Generation X, which includes people born between 1965 and 1980, are managing to earn higher family incomes than their parents did at the same age, but their net wealth is failing to follow the same trajectory, according to a new report from the Pew Charitable Trusts. Gen Xers earn an average median of $43,000 annually, well above their parents, who only earned an average median of $31,000, adjusting for family size and inflation. Overall, three-quarters of Gen Xers have exceeded their own parents’ family income at the same ages.

Despite receiving higher paychecks, Generation X is not building wealth like their parents. Excluding home equity, which Gen Xers lost at higher a rate than other generations due to the Great Recession, the typical Gen Xer holds nearly $13,100 in wealth. In comparison, their parents’ wealth totaled $18,350 at the same age. Gen Xers lost nearly half of their wealth between 2007 and 2010, more than any other generation during the recession.

The report explains: “This gap is cause for concern. If the members of Generation X are unable to translate their higher incomes into wealth holdings, they will remain more financially fragile than the previous generation, especially as they move toward retirement, and at a disadvantage in terms of their own and their children’s mobility prospects.”
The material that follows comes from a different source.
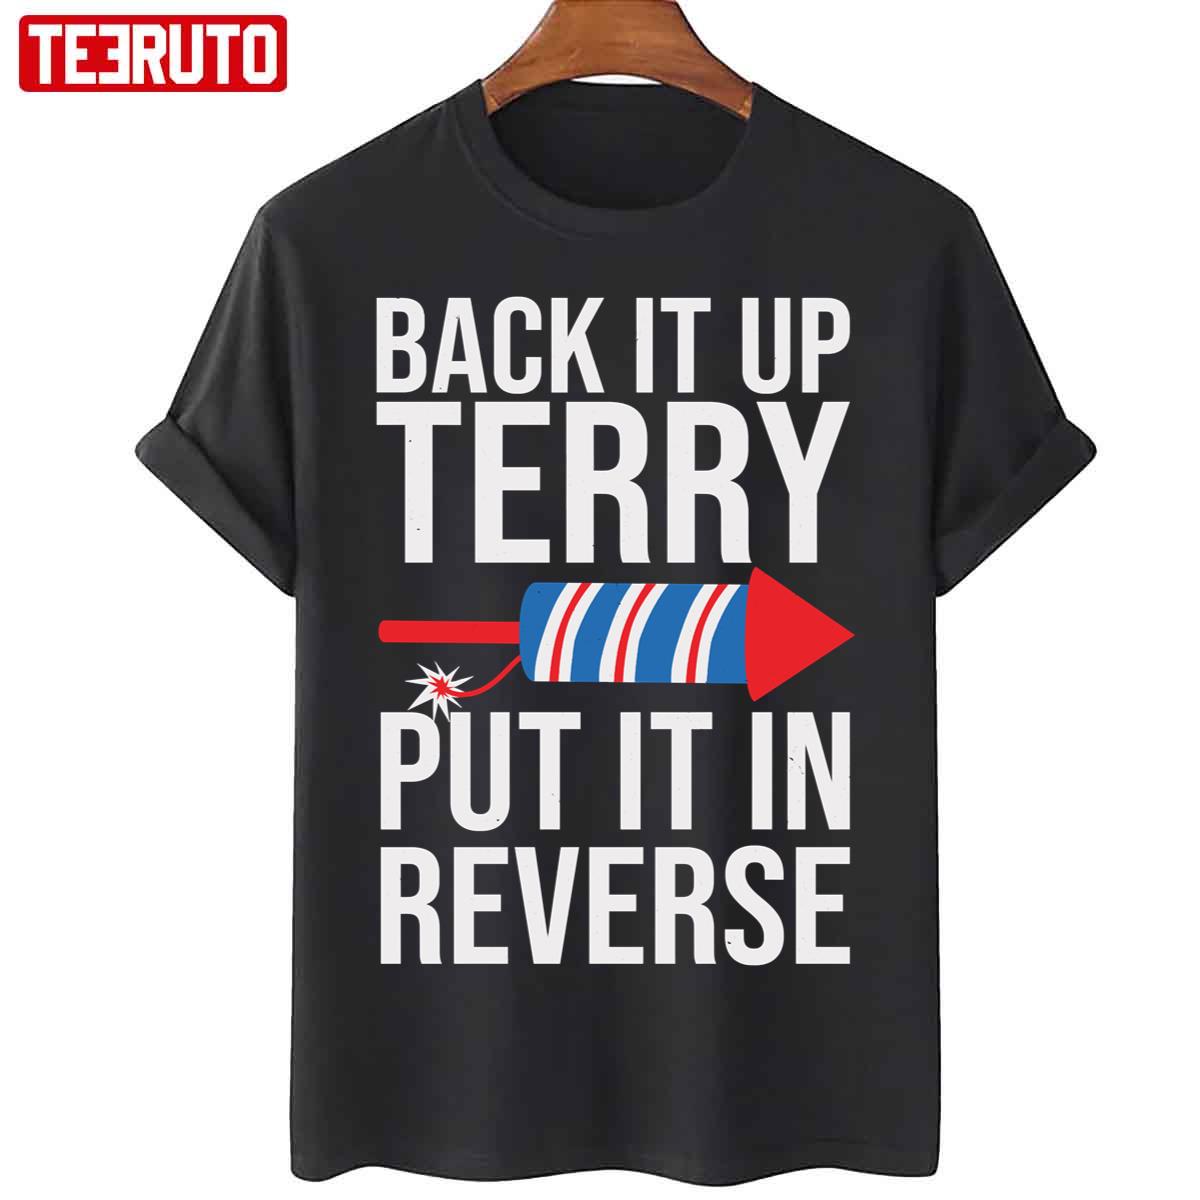 Back It Up Terry Put It In Reverse Funny 4th Of July Firework Jokes Unisex T-Shirt

What’s holding back Generation X from building wealth? The aftershocks of the recession are still being felt across the economy, but Gen Xers are also saddled with more debt than their parents. In fact, 97 percent report holding some form of student loan, medical, credit card, or other debt. Gen Xers owe nearly six times as much as their parents did at the same age: $7,232 versus only $1,237. Nearly four in 10 Gen Xers who have college degrees and have more income than their parents are saddled with student loan debt, with a median amount owed of $25,000.

“Their debt burdens and inadequate savings cause a ripple effect throughout their balance sheets,” says the report. “Low levels of savings mean that many Gen Xers could have difficulties weathering unexpected and costly life events such as unemployment or a health issue. An inadequate financial cushion could also put Gen Xers’ future economic security at risk, given that they are already behind previous generations with respect to their retirement preparedness. The drag of student loan debt could prevent many Gen Xers from providing for their own children’s college aspirations, creating an intergenerational reach of student debt.”